荧光引导手术是一种新兴的成像技术，与目测观察相比，可以增强外科医生检测肿瘤的能力。为便于表征，已将荧光标记的探针用放射性核素进行了双重标记，以实现与核成像的交叉验证。在这项研究中，我们选择了生长抑素受体显像剂DOTATOC作为开发双标记类似物的基础。我们假设具有多模态螯合（MMC）支架的定制双标记方法将使染料偶联的空间效应最小化，并保留激动剂特性。方法：MMC共轭物（MMC-TOC）在固相上合成，并与使用常规方法制备的类似物（DA-TOC）进行比较。使用无铜咔嗒化学将两种类似物偶联到IRDye 800上。将生成的化合物MMC（IR800）-TOC和DA（IR800）-TOC标记为Cu和⁶⁴ Cu，并在生长抑素受体亚型2过表达的HEK-293细胞中进行体外测试，以评估激动剂特性，并在AR42J大鼠胰腺中进行测试确定癌细胞与受体的结合特性。在AR42J异种移植物中进行了多模态成像。结果： Cu-MMC（IR800）-TOC表现出更高的抑制环磷酸腺苷的能力（半数最大有效浓度[EC ₅₀ ]：0.21±0.18 vs. 1.38±0.54 nM）和受体内在化（EC₅₀：41.9±29.8与455±299 nM）相比，Cu-DA（IR800）-TOC。
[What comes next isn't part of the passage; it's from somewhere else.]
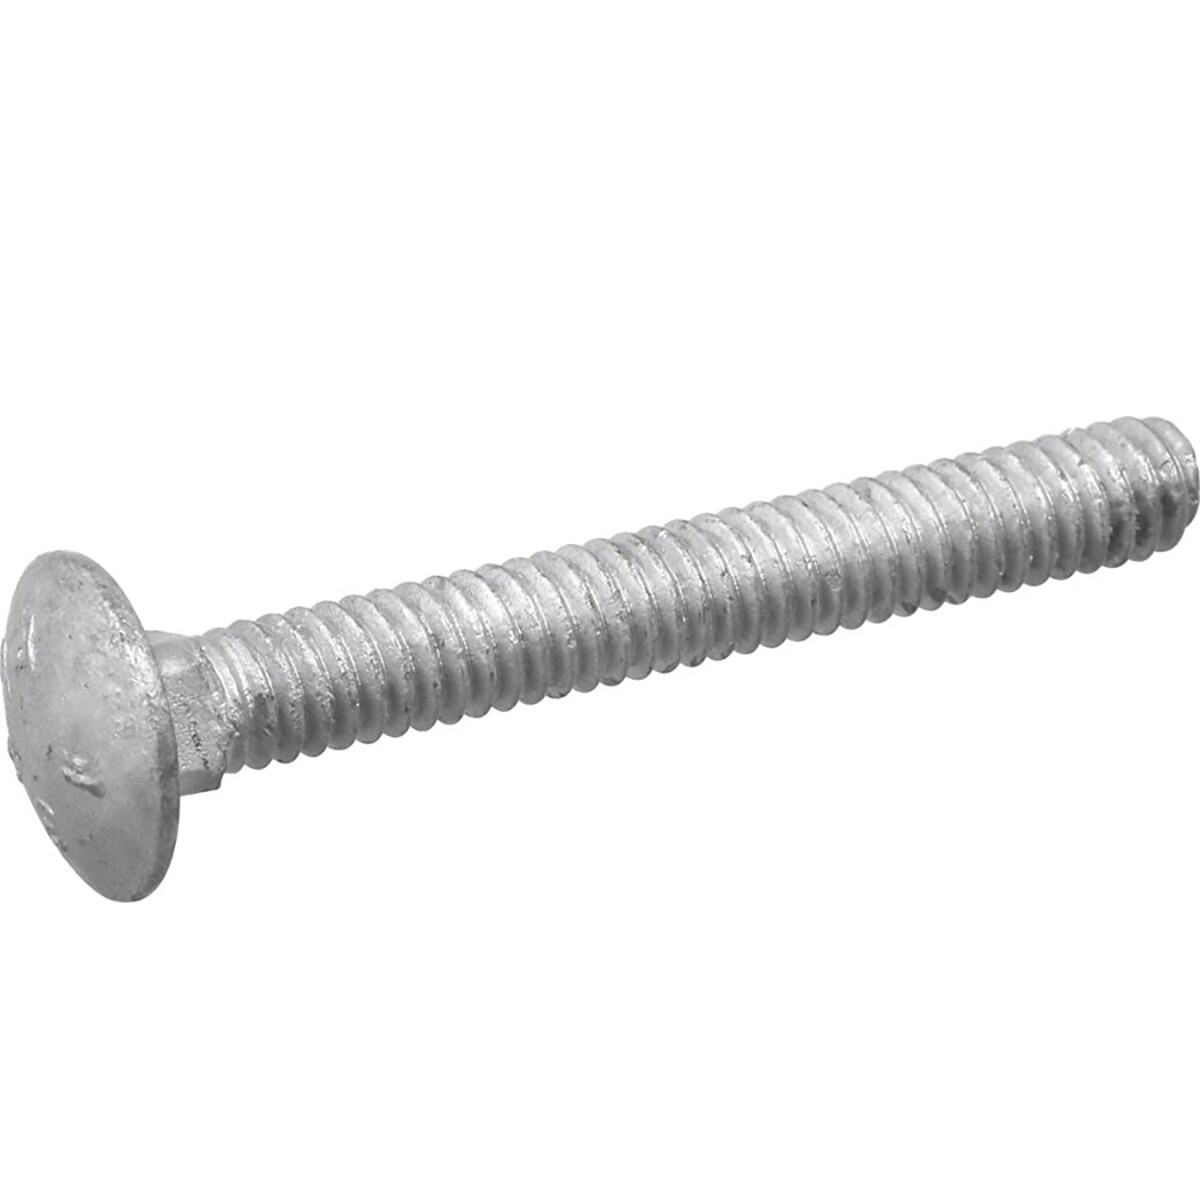 Carriage Bolts Hot Dipped Galvanized Grade 2 W/ Nuts 5/16-18 x 2'' Qty 25

放射性吸收研究表明，用奥曲肽阻断可导致⁶⁴ Cu-MMC（IR800）-TOC吸收剂量依赖性降低，而⁶⁴ Cu-DA（IR800）-TOC则不受影响。体内研究显示，与⁶⁴ Cu-DA（IR800）-TOC相比，⁶⁴ Cu-MMC（IR800）-TOC的肿瘤吸收更高（5.2±0.2 vs. 3.6±0.4％注射剂量/克）。奥曲肽的体内阻断研究将⁶⁴ Cu-MMC（IR800）-TOC的肿瘤吸收降低了66％。⁶⁴ Cu-MMC（IR800）-TOC的排泄主要是通过肝脏和脾脏，而⁶⁴Cu-DA（IR800）-TOC通过肾脏清除。在24小时的离体分析通过显示肿瘤中的近红外荧光信号和通过γ计数确定的肿瘤与肌肉的比为5.3±0.8证实了PET / CT数据。结论：研究结果表明药物设计影响受体药理学，并表明MMC支架是开发双标记成像剂的有用工具。